By then, of course, the company was, as I have mentioned, already in liquidation. It was not therefore strictly a resolution of the creditors of a company under administration and so was not effective under section 449E(1)(b) to be sufficient authority for the applicants to be paid the additional fees.
The creditors had already, as I have mentioned, been informed that that was the situation. The approval of the creditors is nevertheless useful in showing that there was no objection by the creditors to the additional fees which were engendered because of the matters that I have already mentioned. That brings the applicants to the court to approve the additional remuneration generated in the way I have set out.
As the applicants submit, section 447A of the Corporations Act gives very wide powers to the court to make such orders as it thinks appropriate with regard to a company under administration and how Part 5.3A is to operate in relation to a particular company. Some examples are given in that section.
The width of the power was referred to by the High Court in Australasian Memory Pty Ltd v Brien (2000) 200 CLR 270. In Lombe, in the matter of Bosnjak Holdings Pty Ltd (Administrators appointed) [2005] FCA 275, it was held that, arguably, the powers in section 447A were wide enough to make an order altering the operation of section 449E.
In that case, Gyles J was concerned with the question of whether or not the court could make orders with regard to the remuneration of the administrators prior to the second creditors' meeting.
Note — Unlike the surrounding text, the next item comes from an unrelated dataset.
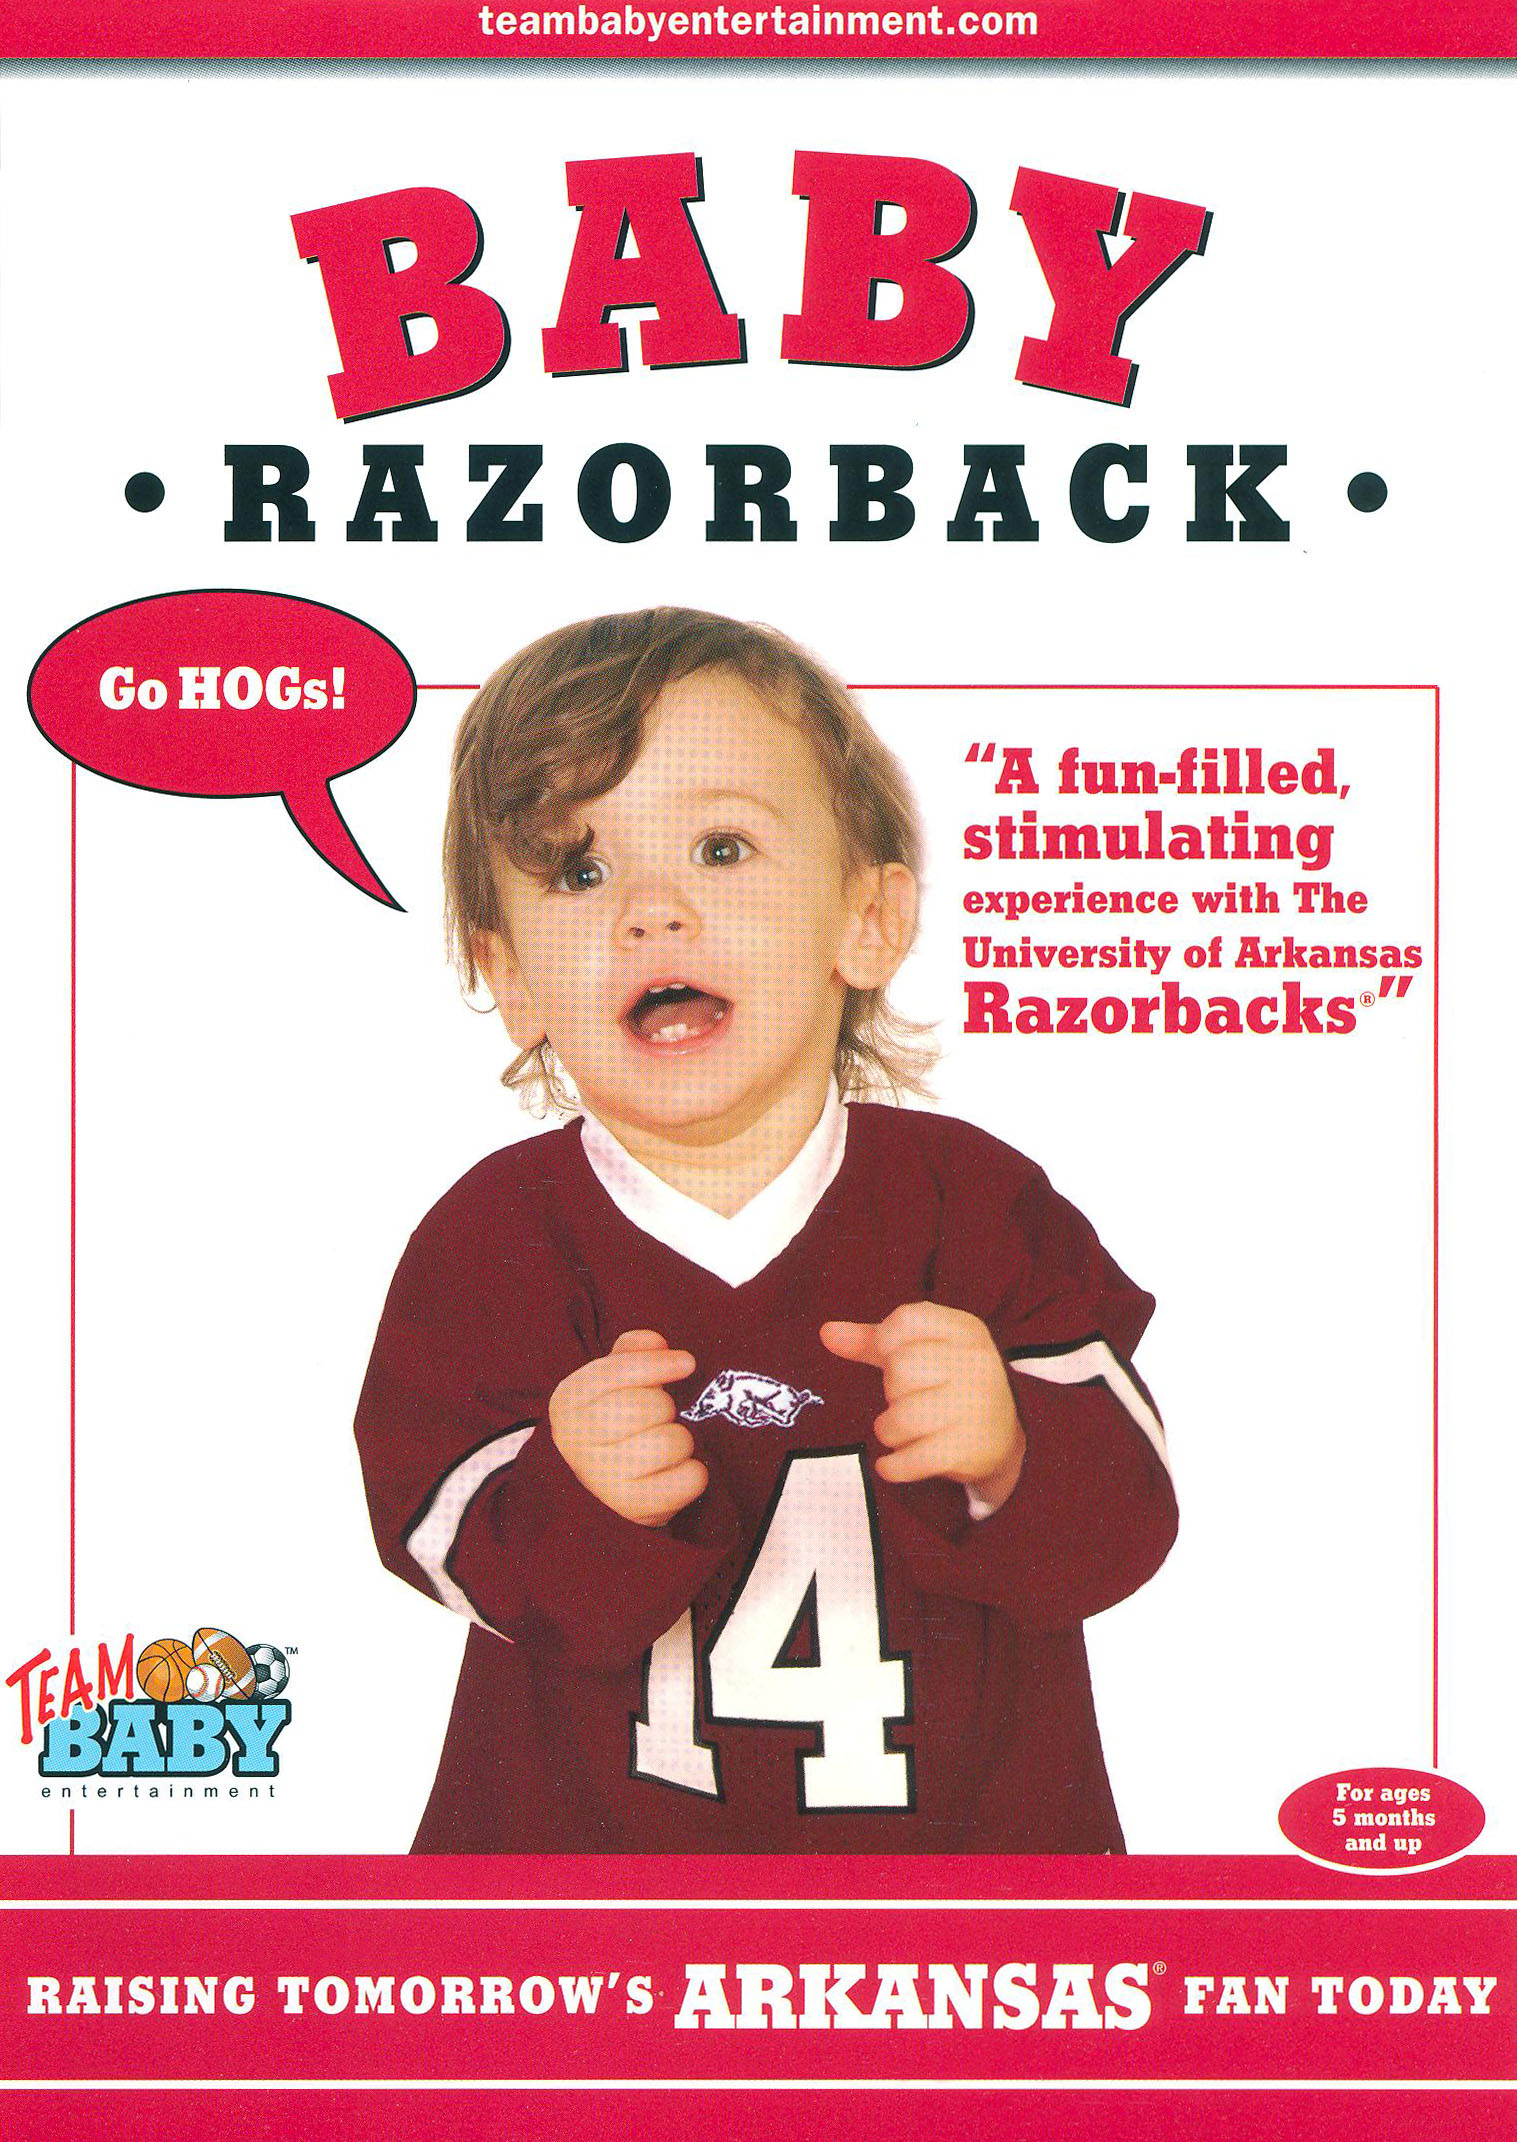 Team Baby: Baby Razorback

He was satisfied that “this is a proper case to exercise the power granted by section 447A to make such order as the Court thinks appropriate about how Part 5.3A is to operate in relation to these companies.” In that case, the administration was extremely complex.
Perhaps in response to the form of restrictions on how the remuneration of the administrator was to be fixed, section 449E was amended in 2007 by Act 132 of 2007 with effect from 31 December 2007.
Section 449E(1) now provides that the administrator of a company under administration is entitled to receive such remuneration as is determined: (a) by agreement between the administrator and the committee of creditors (if any); or (b) by resolution of the company's creditors; or (c) if there is no such agreement or resolution - by the Court.
However, the court also has the explicit power under section 449E(2), where the remuneration is determined under paragraph 1(a) or 1(b) or paragraph 1A(a) or 1A(b) of section 449E, to review the remuneration and confirm, increase or reduce it. Such an application may be made by ASIC, the administrator or an officer, member or creditor of the company. The application here is made by the liquidator who was the administrator and as liquidator is, of course, an officer of the company.
A potential difficulty in making an order under section 449E(1)(c) might be found in the fact that there has been a resolution by the creditors and the power of the court under section 449E(1)(c) only arises if there is no such resolution.
In my view, therefore, it is more appropriate to exercise the power explicitly given to the court by section 449E(2) to review the remuneration which has been determined under section 449E(1)(b) and confirm, increase or reduce it depending on the evidence before me.
The evidence before me clearly shows that the further work that was required led to the increase in fees and that the fees involved are legitimate. That view is, of course, supported, although it is not conclusive, by the resolution of the creditors of the company in liquidation supporting payment of the further remuneration.
Accordingly, in reviewing the remuneration paid to the administrators, I am prepared to and do increase it by the sum requested of $49,018 plus GST. The order of the court will be that pursuant to section 447A and section 449E(2) of the Corporations Act, the applicants' additional remuneration as
administrators for CMC Cairns Pty Ltd (in liquidation) ACN 010 861 579 from 25 August 2009 to 15 September 2009 be increased by the sum of $49,018 plus GST.